This is one important aspect all scriptwriters should know. Every character in the script has names or attribute given to them for easy identification. In this article, I will be discussing with you the standard format of how to name characters in a script.
There are different types of characters with their names and their roles. In script, we have two types of character.
- The Major Character.
- The Minor Character.
The Major Character
This is a character that is more engaged in the script. The Major character acts the major role and they are involved in major activities in the script.
Importance of Major Character
- The major character performs the main activities in the story.
- Stories are determined by the activities of the major character.
- The Major character brings sweetness to the story.
Naming Major Character
Writers need to be very careful when naming characters. The name of a character must be in line with his trait and behavior or the kind of person he is. It will be wrong if writers give the wrong name to a character with a different trait. For example, Giving a hardened criminal a soft and smoothing baby-like name. For proper naming of a character, Writers need to answer the following questions.
Who is your Character?
The who in this question is requesting for more details about your character, for example, his personality, how he reacts to situations around him, is he rich or poor? Is he arrogant or calm? etc… This question is generally asking for more information about your character and as a writer, one must get an answer to these questions before giving a name.
What is the gender?
After answering and getting the information needed in the question above the next question the writer should answer is the gender of the character. Either male or female the writer should be able to relate the character’s personality with their gender. It absolutely won’t make sense if a feminine name is giving to a character who has a complete male personality.
These are characters in the screenplay that appear less than the major character. They take minor or less important roles compared to the major role yet contribute to the development of the script. As a writer, don’t short-change them, but rather, take time to develop them. Each minor character must serve a purpose if not, don’t bother using them.
Importance Of Minor Character
- Minor characters help to add information to the story hereby pushing the storyline forward.
- Minor Characters give additional insight about major characters, including back-story, which will help you to avoid writing exposition.
- Minor characters can bring a different view to the storyline.
- Minor Characters serve as a mirror to the protagonist and one way or the other they help the protagonist in achieving his or her goal.
Naming Major Character
A minor character can share a name format with the major character writer should be consistent in the naming format. As a writer, if you introduce a character as COLLINS you should use the name COLLINS throughout the script. If the Minor characters are more than one or if they are numerous give a general name to them i.e use their role to name them.
Below is the major character naming and the minor character naming format.
INT. CLASSROOM – DAY
Wale enters the class, sits on his chair. One of the students slams the table right behind him.

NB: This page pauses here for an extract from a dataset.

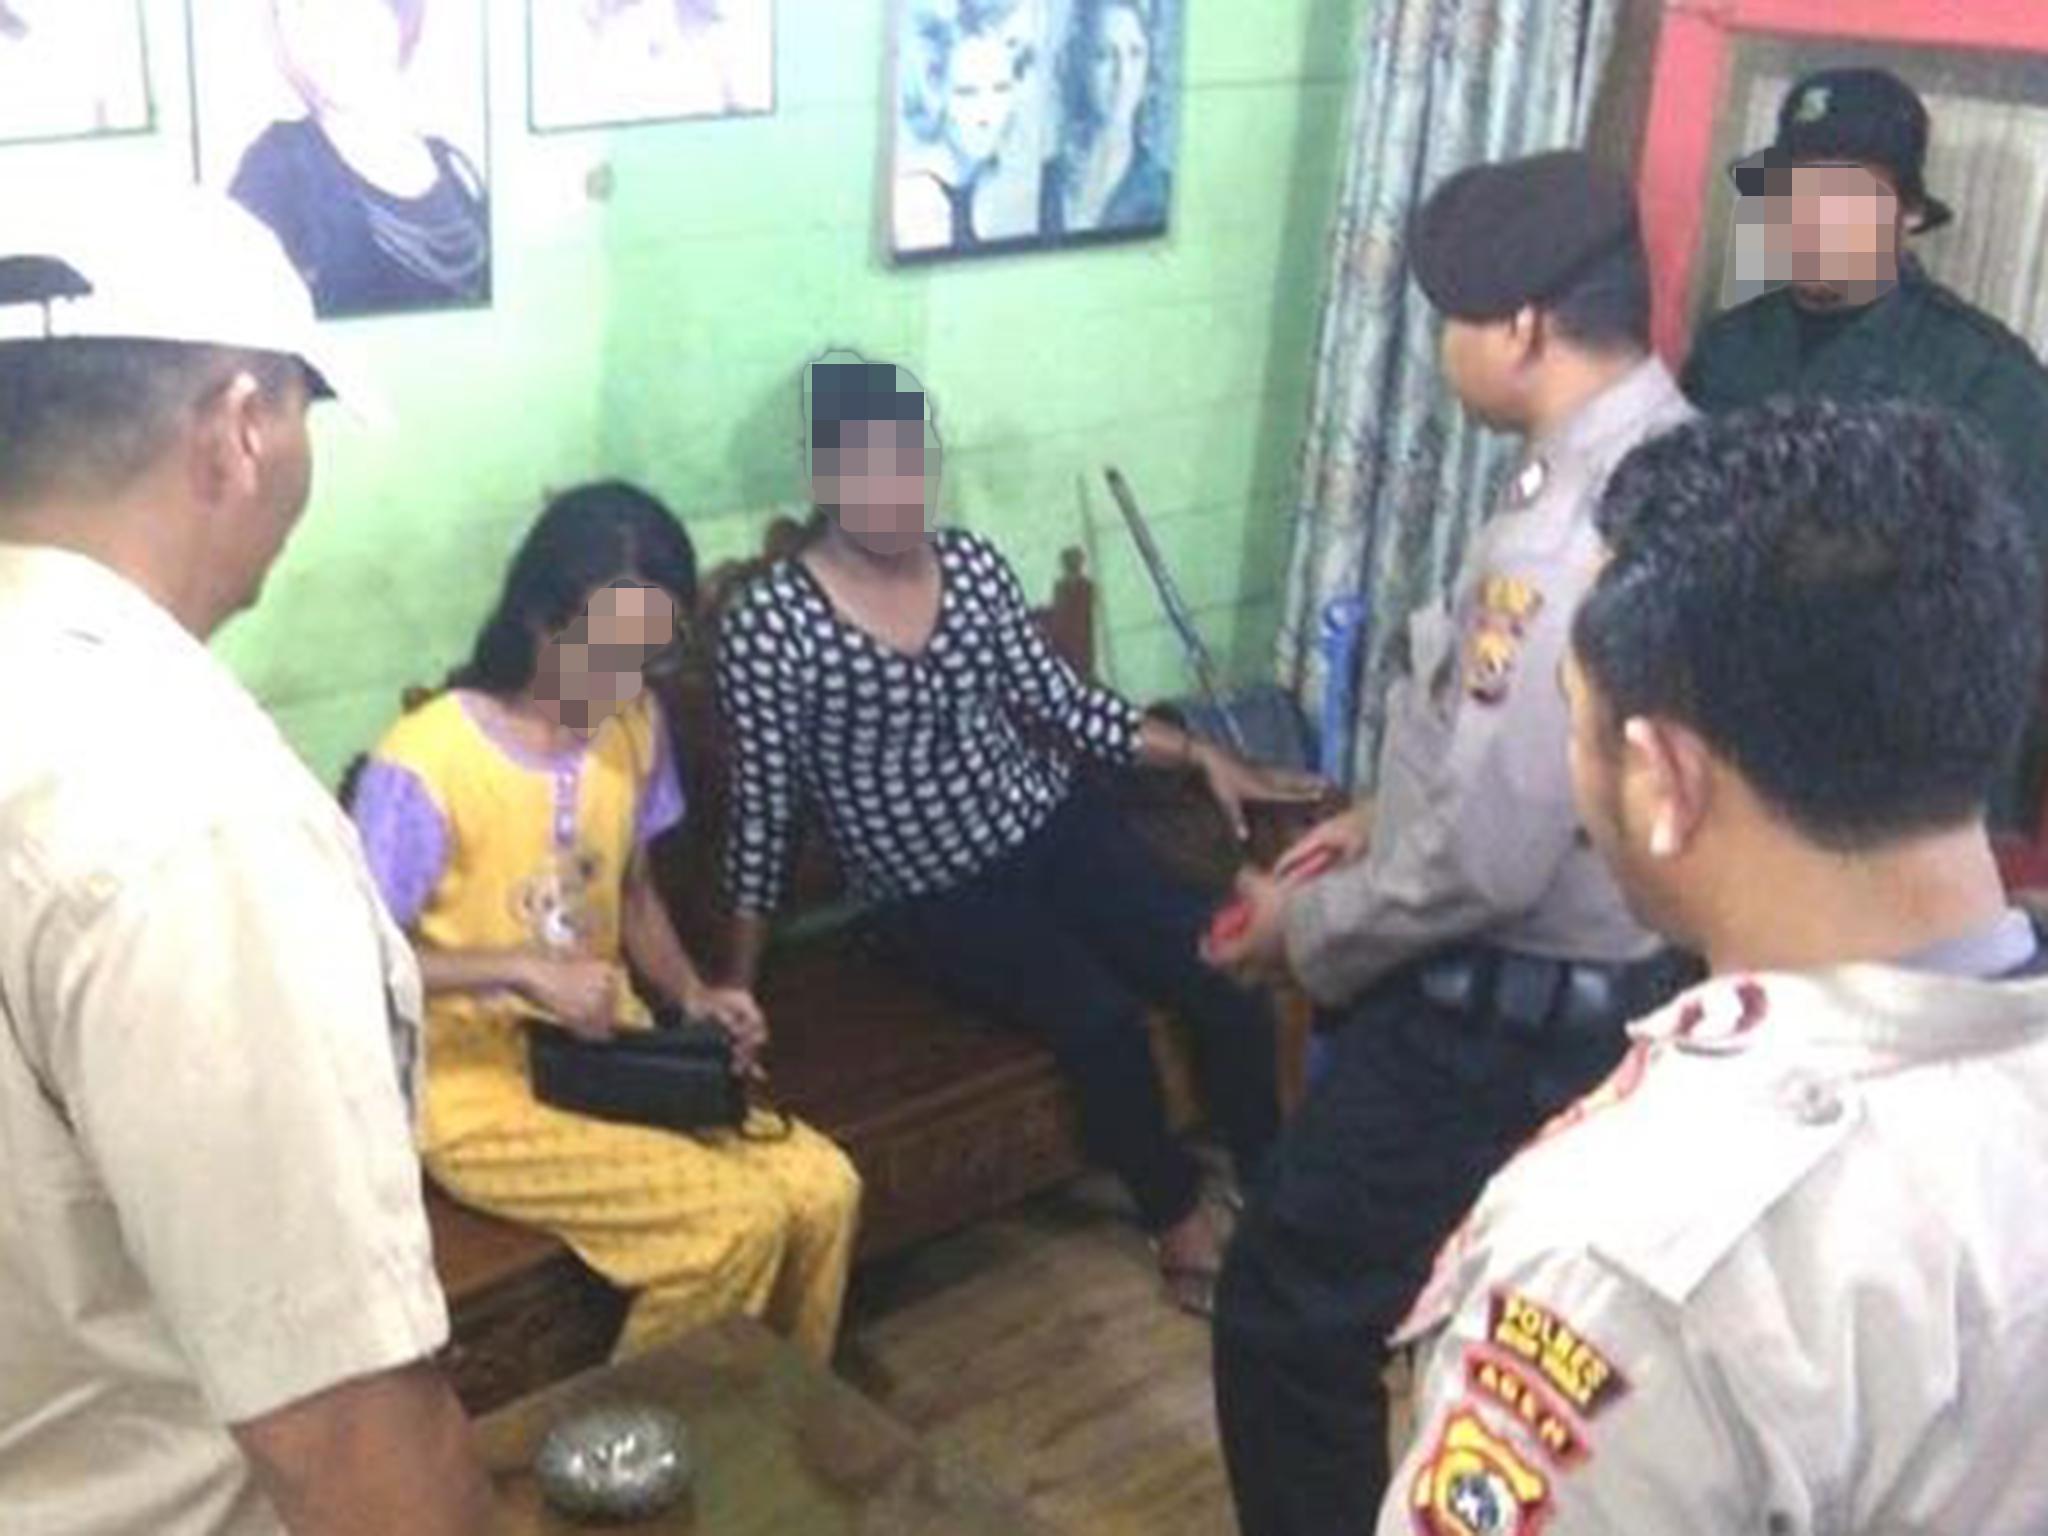 Twelve transgender women were detained by police in Aceh after raids on several beauty salons

Everybody the teacher is coming!
Where is the teacher?
Look at him, right behind you.
Angrily, Wale stands.
Are you crazy?
Wale! if you fight, I will report you to the principal.

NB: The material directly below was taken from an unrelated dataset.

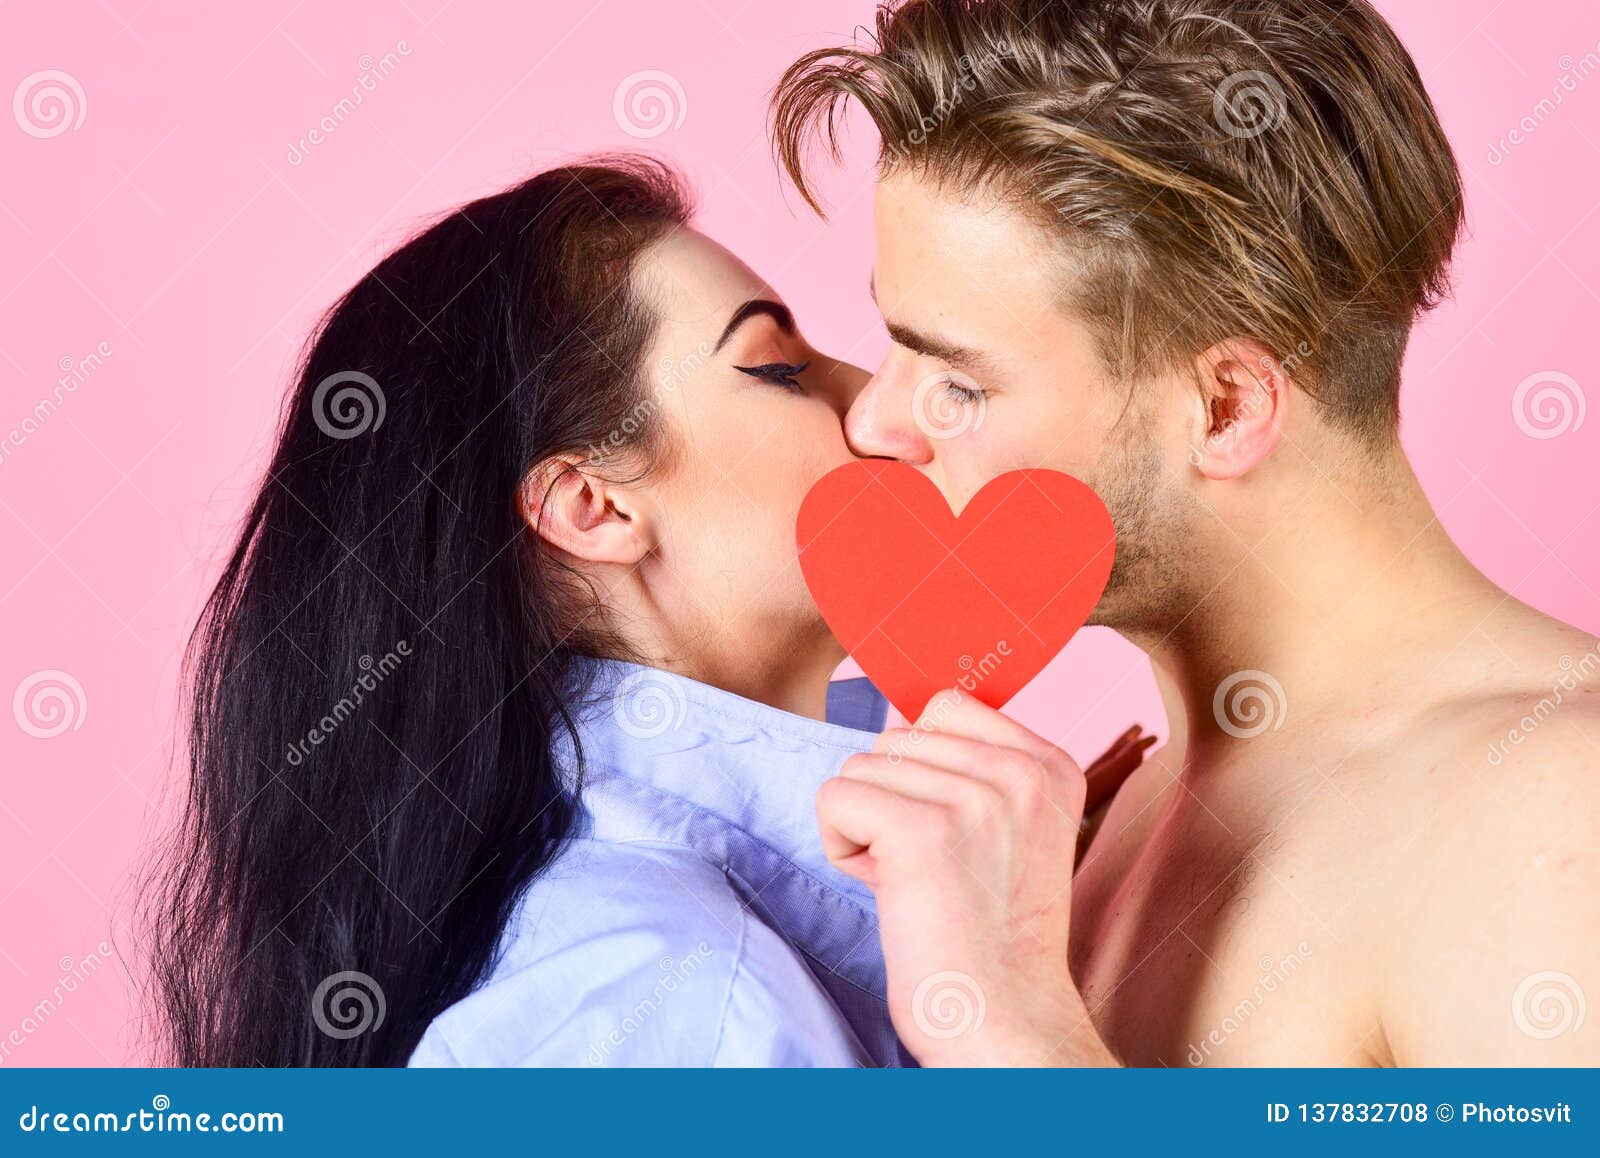 Outstanding Collection of Full 4K Romantic Kiss Day Images – Top 999+

The above is an example of how to name numerous minor characters. There are some valid and acceptable character naming formats.
- STUDENT 1 / STUDENT 2 ect.
- STUDENT ONE / STUDENT TWO ect.
- FIRST STUDENT / SECOND STUDENT ect.
It does not matter the format you use, as far as you are consistent with the name throughtout the script.
In conclusion, As a writer, you have to stick to the names you give a character. One rule writers should avoid is mixing and matching character names. Stick to the standard format of how to name characters in the script. Do not change the name or its format throughout your script. This rule applies to both major and minor characters.